Though my non-trans friends here spend less time posting on Instagram about their support for the trans community, they spend more time doing things like: building trans-inclusive spaces, arranging for local queer parties to offer free or discounted tickets to trans patrons, helping trans people between housing situations, dropping by to deliver small luxuries when we’re sick or just worn down by the world, making the effort to find their way to us, and helping us find our way to them.
This action-centered solidarity is unique to my experience. It gave me the opportunity to feel truly safe and secure in my sense of belonging to a broader queer community.
On trans community
Trans community in Estonia seems to be built similarly to it’s solidarity – grounded more in shared vision than aesthetic or immaterial ideology. In my experience, queer and trans community has been less saturated with the police state mentality of controlling others’ identities, and instead finds points of commonality to move forward from.
When I arrived in Estonia, I was picking my way through a thick mire of grief. I felt I had lost so much in fleeing the state and interpersonal violence of my homeland. I stepped off the plane in Tallinn, one foot in the past, one foot precariously sailing out over the cliff of the unknown, unsure where I’d land.

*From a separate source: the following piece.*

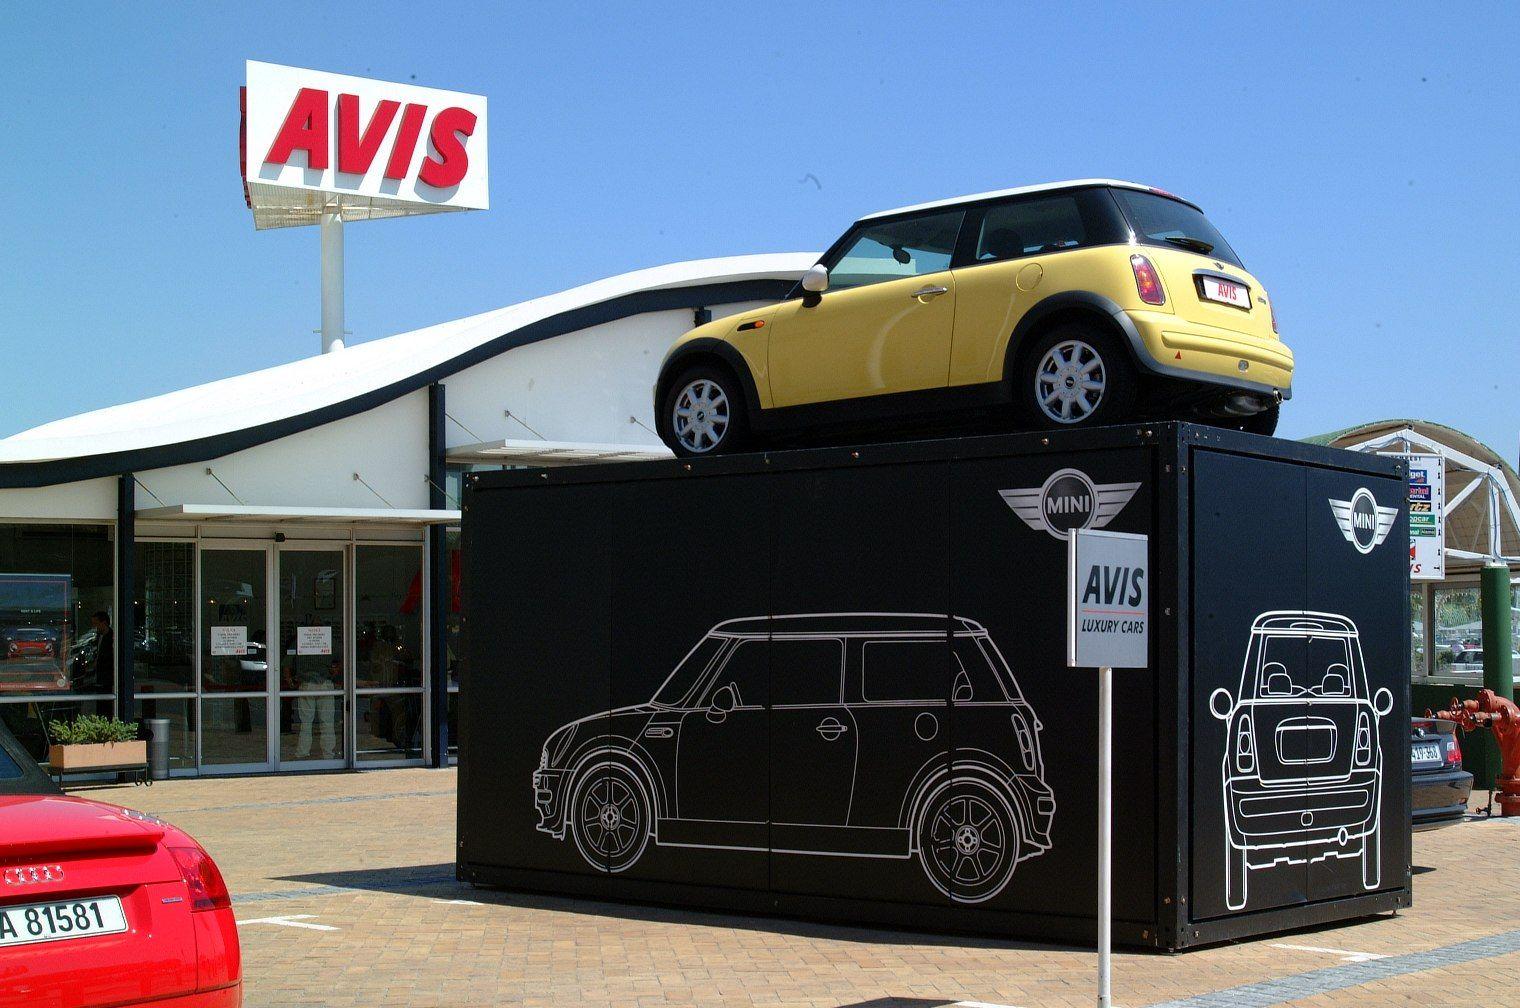 Avis Car Hire, Cape Town Car hire, Car rental, Holiday car

But trans community found me right away, and welcomed me with open arms.
This community held me gently as I exorcised the sorrow, processed my emotions, and found my way back to myself.
Queer and trans people found me a cozy apartment, and took me to the best secondhand shops to stock it with. They made sure I knew about upcoming queer parties, bingo nights, and bars I’d be welcome at. They took me to drag shows. They invited me for coffee, and gave me top surgery resources, and explained the process of transferring my HRT prescription. They brought me home cooked meals or just came to sit in my apartment with me when my progress became recursive.

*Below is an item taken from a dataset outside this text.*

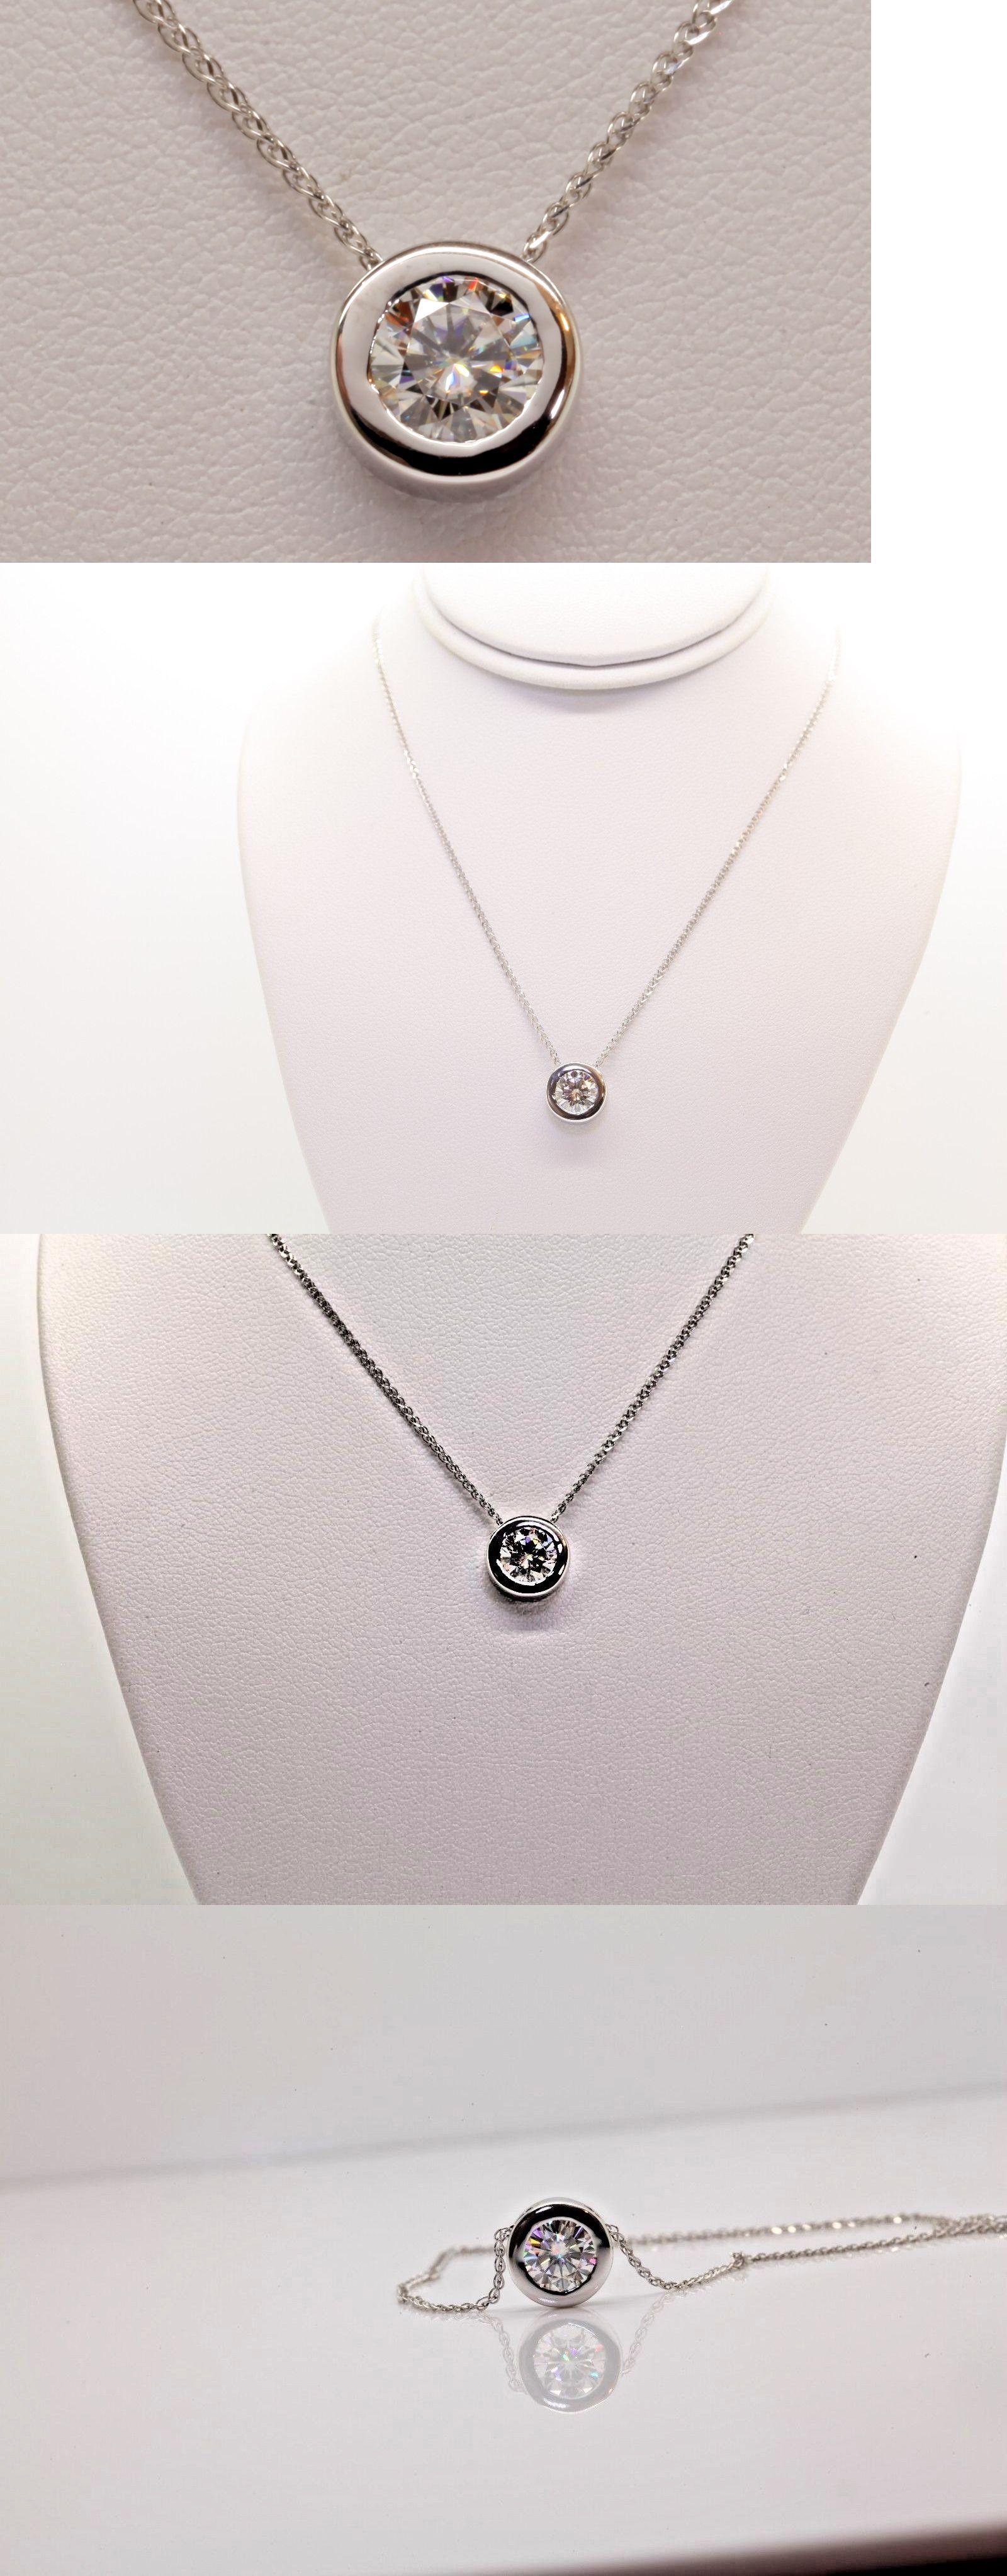 Ct moissanite round pendant necklace bezel set k white gold in

They did not shy away from my pain, and instead honored it. Then, in their Estonian way, they said, “let’s get you outside, I think I walk would be good for your head.”
This way of being in community gave me the space to heal and come back to the compass of myself.

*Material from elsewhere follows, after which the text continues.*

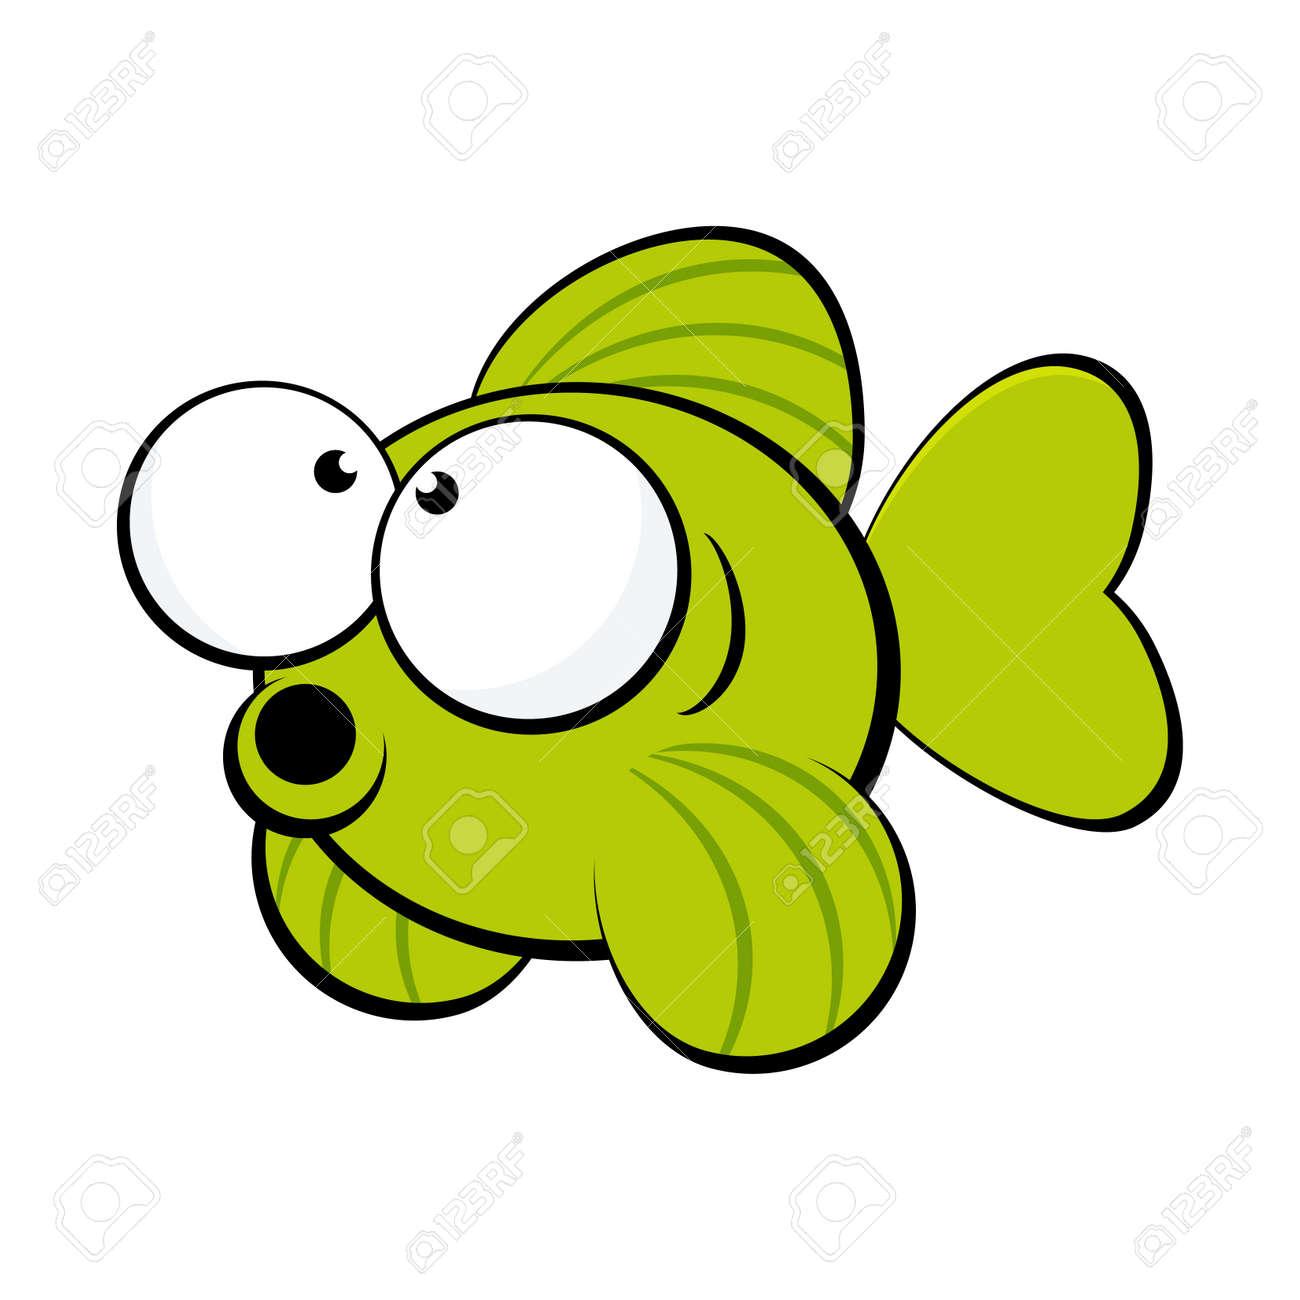 Funny Cartoon Fish Royalty Free Cliparts, Vectors, And Stock ...

After growing up in a society demanding unwavering heteronormativity, and then entering a queer community demanding its own kind of suffocating ideological and aesthetic homogeneity, the solidarity of queer and trans Estonians gave me room to breathe and be myself for the first time.
Closing thoughts
In the year since my move to Estonia, my understanding of my own transness has, well, transformed.
This was largely because of the space granted to me here: room to exist day-to-day without violence, solidarity from other queer people as I healed and found myself, and the invitation to a trans community with a place to, simply, be.
All these experiences amounted in the space I needed to be myself.
On this Trans Day of Visibility, I am grateful for this season of my journey, and grateful for what Estonia brought me— a life entirely trans, wonderfully strange, always genderfucked, and, at last, held in love by community.